Ketogenesis

Ketogenesis is the process of producing ketone bodies, mainly in the liver. When carbohydrate availability falls, insulin decreases and fatty acids reach the liver more actively, part of the acetyl-CoA pool is directed toward acetoacetate, beta-hydroxybutyrate and acetone. These ketone bodies enter the blood and can be used by the brain, heart, muscles and other tissues as alternative fuel. Ketogenesis is a normal physiological adaptation, not a disease sign by itself.

The process increases during fasting, longer gaps between meals, low-carbohydrate and ketogenic diets, prolonged physical activity and depleted glycogen stores. In newborns and children, ketone bodies can also play an important energy role. Ketogenesis should not be confused with ketoacidosis. In nutritional ketosis, ketones rise in a controlled way and blood acid-base balance remains normal.

How ketone bodies are made

Fat tissue releases fatty acids, the liver takes them up and beta-oxidation begins. When a large amount of acetyl-CoA is produced and the citric acid cycle is limited by oxaloacetate availability, the liver redirects part of the flow into ketone bodies. Acetoacetate and beta-hydroxybutyrate travel through the blood and are used by tissues, where they are converted back into acetyl-CoA for energy.

The liver produces ketones but hardly uses them as fuel because it lacks the key enzyme needed for the reverse pathway. This makes the liver a supplier of energy to other tissues. The brain does not completely switch to ketones, but during adaptation it can cover a significant part of its needs with them, reducing the need for constant glucose availability.

What regulates ketogenesis

The main regulators are insulin, glucagon, fatty acid availability, glycogen stores, physical activity and overall energy status. Insulin restrains lipolysis and ketogenesis, while low insulin and higher glucagon create conditions for ketone production. After a carbohydrate-containing meal, ketogenesis falls. After an overnight fast or on keto, it rises.

Protein, stress, sleep and training also influence ketone levels. A large protein portion may moderately lower ketones through the insulin response and substrates for gluconeogenesis, but that does not make protein harmful. Sleep loss and stress can raise glucose and change fuel balance. Intense exercise may temporarily lower ketones because working muscles use them.

Keto-adaptation

In the first days of low-carbohydrate eating, ketones may rise while tissues are not yet fully efficient at using them. Over time, muscles, brain and heart improve their ability to work with fatty acids and ketone bodies. A person may notice steadier energy, less hunger and better tolerance of gaps between meals. Adaptation depends on electrolytes, protein, sleep, adequate energy intake and gradual training changes.

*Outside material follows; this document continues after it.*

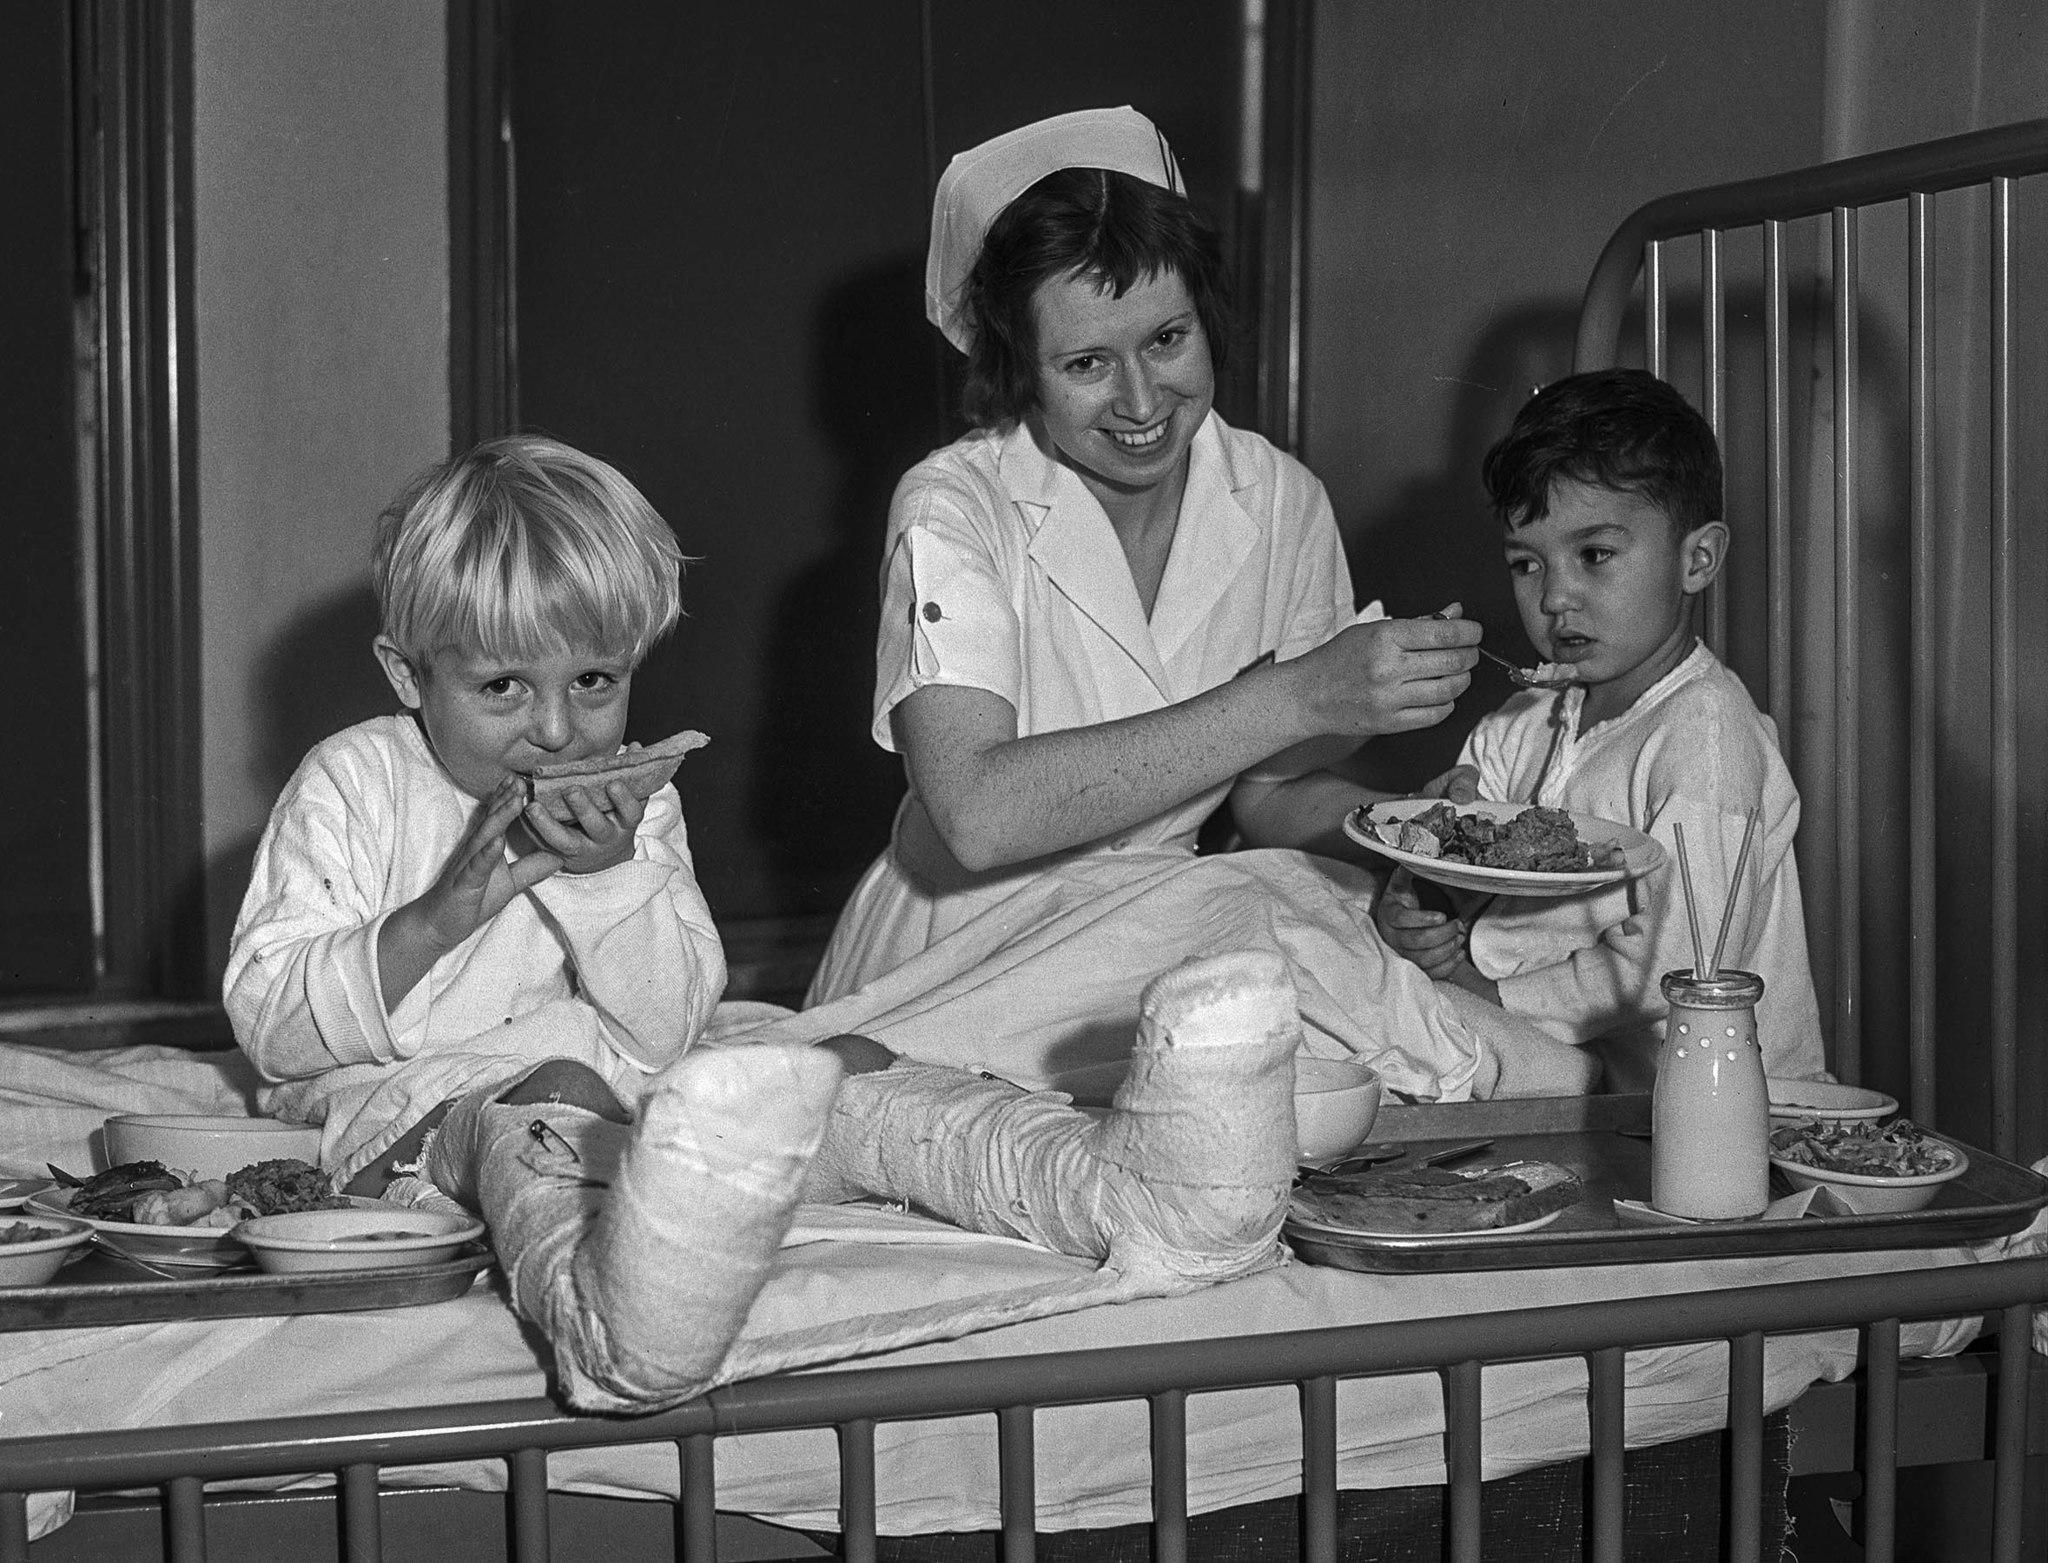 Nov. 28, 1935: Gordon Douglas, left, and Rupert Ortego are served Thanksgiving dinner by nurse Dorothy B

Higher ketones do not always mean a better result. Ketones that are high because of fasting, under-eating, illness or lack of insulin are a different context. For fat loss, type 2 diabetes or appetite control, the broader trend matters more: glucose, waist circumference, wellbeing, sleep, strength, lipids and diet sustainability. Chasing maximum ketones can lead to unnecessary protein restriction and poor recovery.

When caution is needed

People with type 1 diabetes, insulin-treated diabetes, SGLT2 inhibitor use, pregnancy, severe liver or pancreatic disease, or a history of ketoacidosis need to understand the difference between ketogenesis and danger. Feeling unwell with vomiting, high glucose, dehydration, sleepiness and high ketones requires medical assessment rather than continuing an experiment.

For most healthy people, ketogenesis is a normal way to provide fuel when carbohydrate availability is low. It can be a useful part of LCHF, but it does not have to be maximally deep every day. A better goal is metabolic flexibility: the ability to use fats, ketones and glucose according to the situation while maintaining normal wellbeing and safety.